The cab launched off the sidewalk like a cruise missile.
It turned out the cab had two speeds; stop and golike-fuckinghell. The cabbie grappled with his machine like a sumo, wrestling the ballistic cab around corners, great thrusts to the steering wheel to keep the thing on target, slapping it around when it started to fishtail. “You guys look ready for trouble.” He laughed. “What’s your deal?”
“We’re private detectives.” Trix grinned. “We’re off on a great adventure.”
“Private eyes!” He thought this was terrific. He laughed out loud, coughed hard, and punched the steering wheel with a horrible yelp. “You on a case?”
Trix was totally up for this. “Yeah. Some rich guy’s lost a spooky old book and we have to take it away from the weird fuckers who’re hiding it.”

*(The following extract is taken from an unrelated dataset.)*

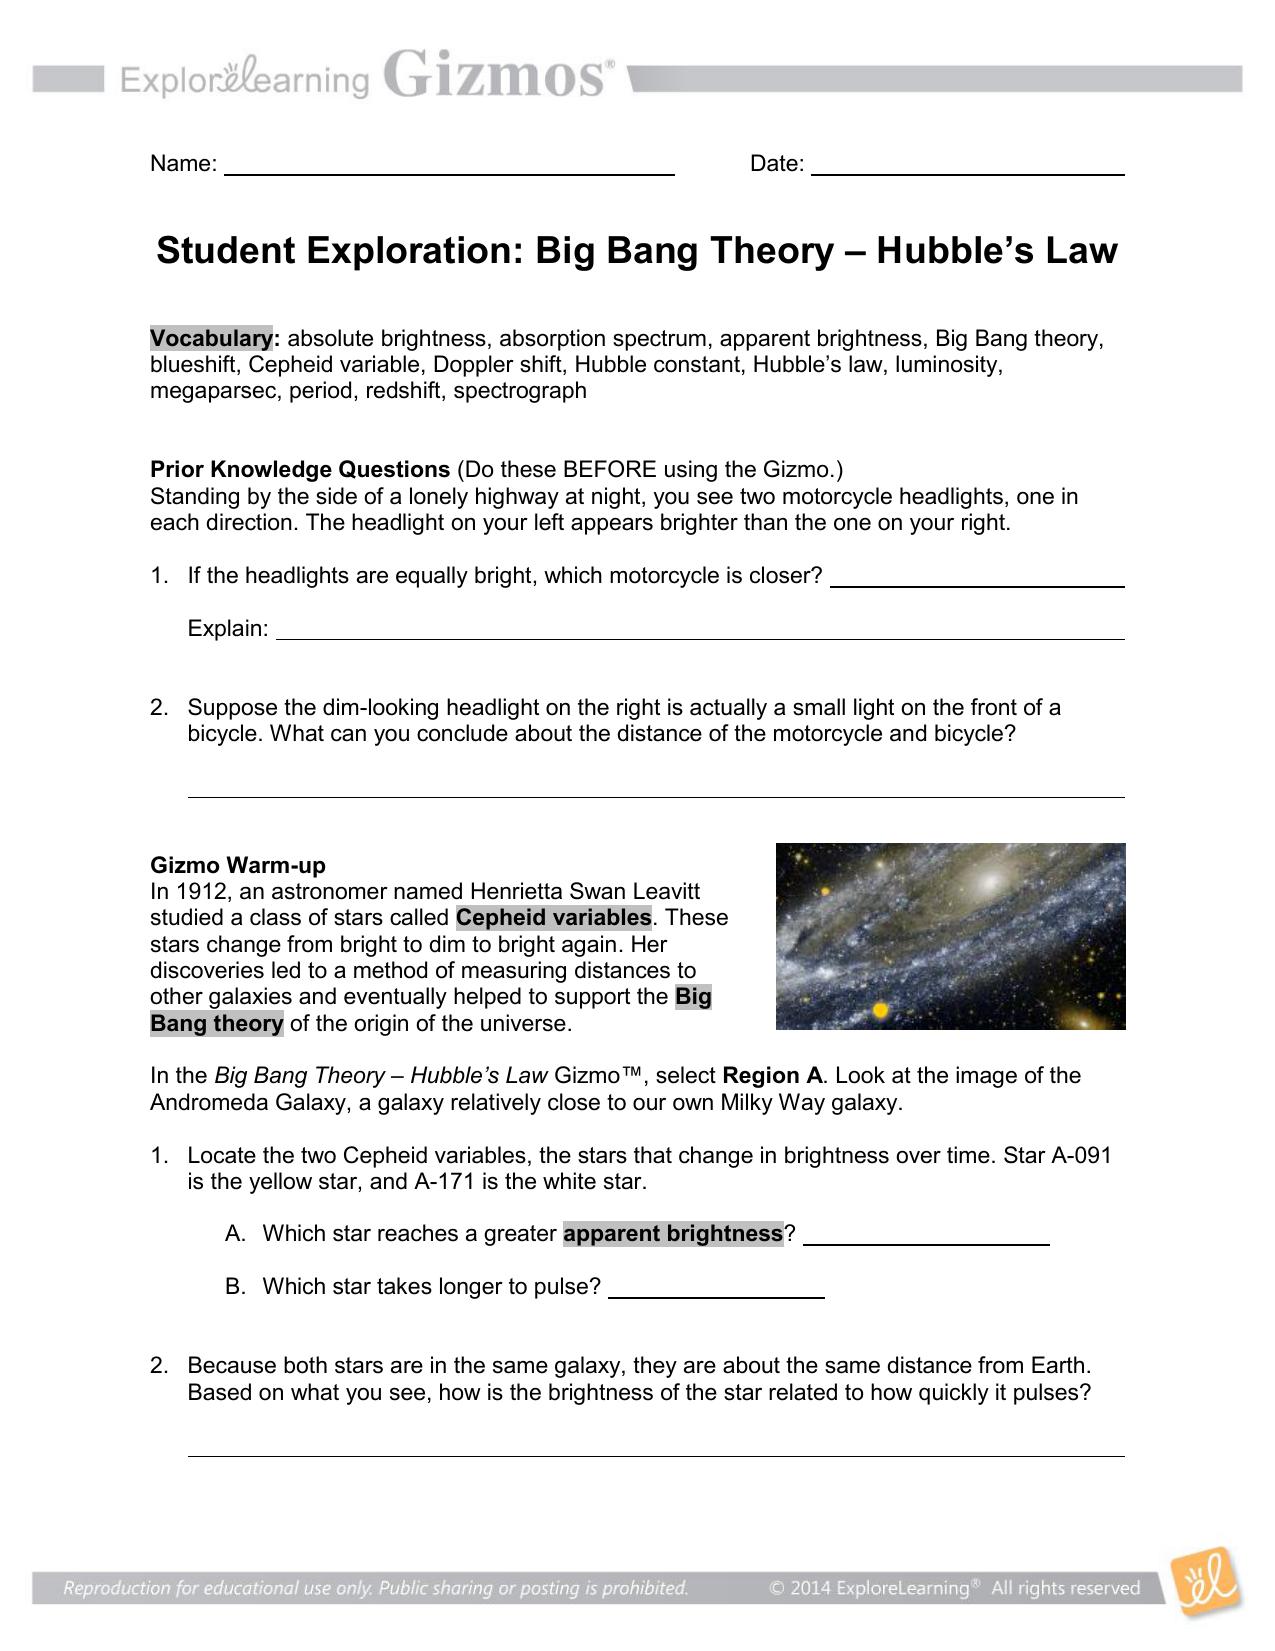 Student Exploration Ionic Bonds Gizmo Answer Key Activity ...

“Cool! Listen, you know any black private eyes?”
“Sure,” I said. “The agency I used to be with had a lot of black guys, a lot of Asian guys, you know?”
“Why ain’t they on the TV?”
“Beats the shit out of me.”
“Seriously, man. Every time I turn on the TV, it’s like Jones, Freelance Whitey. Because only middle-aged white guy detectives can fuck shit up, you know what I’m saying? And fucking Quincy, man. There ain’t nothing but white guys on that dude’s slab. What do they do with the black guys, burn ’em in piles round back?”
“Who’s Quincy?” said Trix.
As the cabbie stomped down on the accelerator, I swear I saw the view out the window start distorting.
“It don’t matter.” The cabbie smiled. “Helter Skelter come soon.”
“X’d from society.” Trix smiled knowingly.
“Hey! You one hot private eye!”
I made a whatthefuck face at Trix. “Charles Manson,” she said. “The X on his forehead. It’s a Manson thing. Showing their excision from mainstream society. Preparing for Helter Skelter, the race war between whites and blacks that the black people would win.”
“You know everything about goddamn Manson but you never heard of Quincy?”
“The thing about Helter Skelter, though, was that Manson considered African Americans to be inferior, and he and his Family would therefore rise from hiding after the war to take over from them. Manson hated black people.”
The cabbie laughed a big warm laugh. “Manson was a crazy motherfucker. That don’t mean Helter Skelter was a bad idea. I’m just telling his ass—he ain’t coming back to take over shit. And there’ll be some black private eyes on TV for damn sure.”